DOI: 10.4103/mjdrdypu.mjdrdypu_529_21

Background: Undernutrition in under-five children still remains a major public health problem. Most of the under-five deaths are due to undernutrition, putting the child at more risk of catching common infections. The contributing factors for undernutrition may differ from one region to another. Aim: The aim of this study was to study undernutrition in rural under-fives. Settings and Design: A cross-sectional study was carried out. The study included 307 under-five children from a rural area of western Maharashtra. Information was collected on pretested semi-structured questionnaire after taking informed consent. The anthropological measurements were taken by standard methods.

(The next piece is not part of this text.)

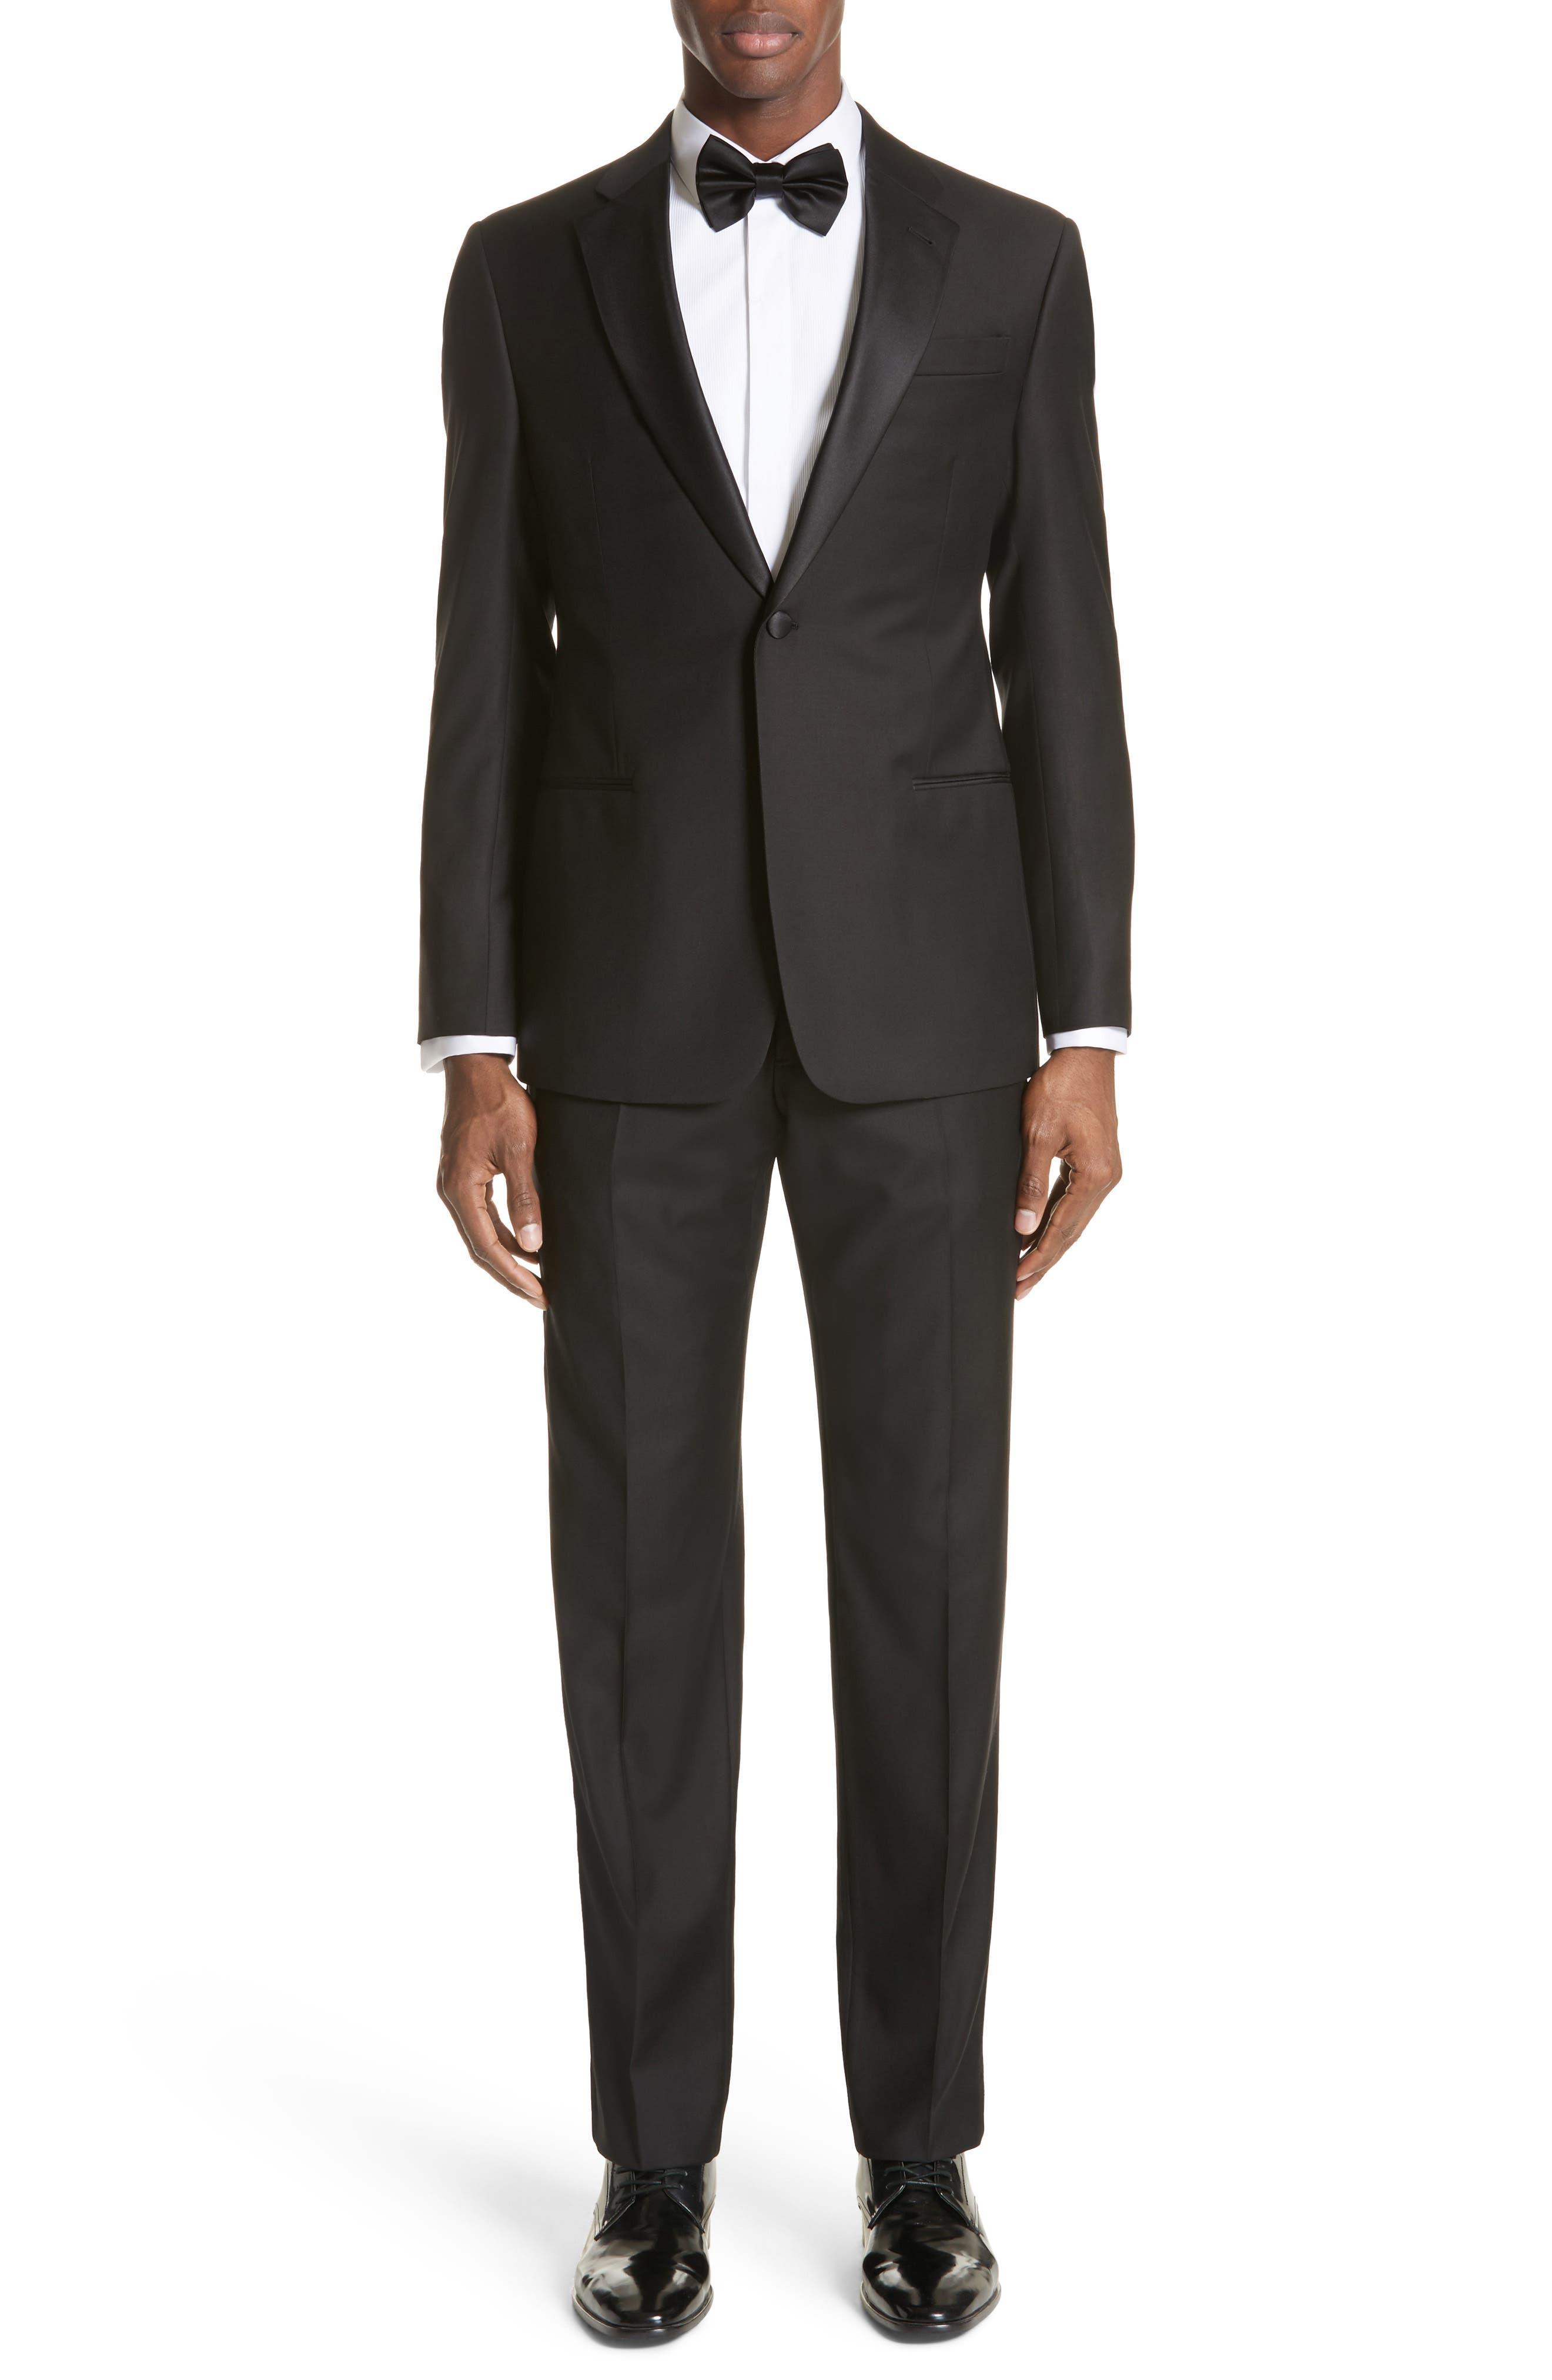 EMPORIO ARMANI, Trim Fit Wool Tuxedo, Main thumbnail 1, color, BLACK

The statistical tests were performed and 5% level significance was taken for analysis. Statistical Analysis Used: Data were analyzed using software: WHO Anthro3.2.2, SPSS 26, and Epi Info v7.2.4.0. Results: More than half of the under-five children (56.3%) were found to be undernourished. The prevalence of underweight, stunting, and wasting was found to be 33.5%, 35.5%, and 12.4%, respectively. Logistic regression performed showed prelacteal feed, colostrum, BPL cardholder status, and per capita income to be significantly associated with undernutrition. Conclusions: Undernutrition still persists to be a major public health concern in rural areas. Most of the determinants of undernutrition are modifiable. The preventive and remedial measures should be an ongoing process to combat this problem.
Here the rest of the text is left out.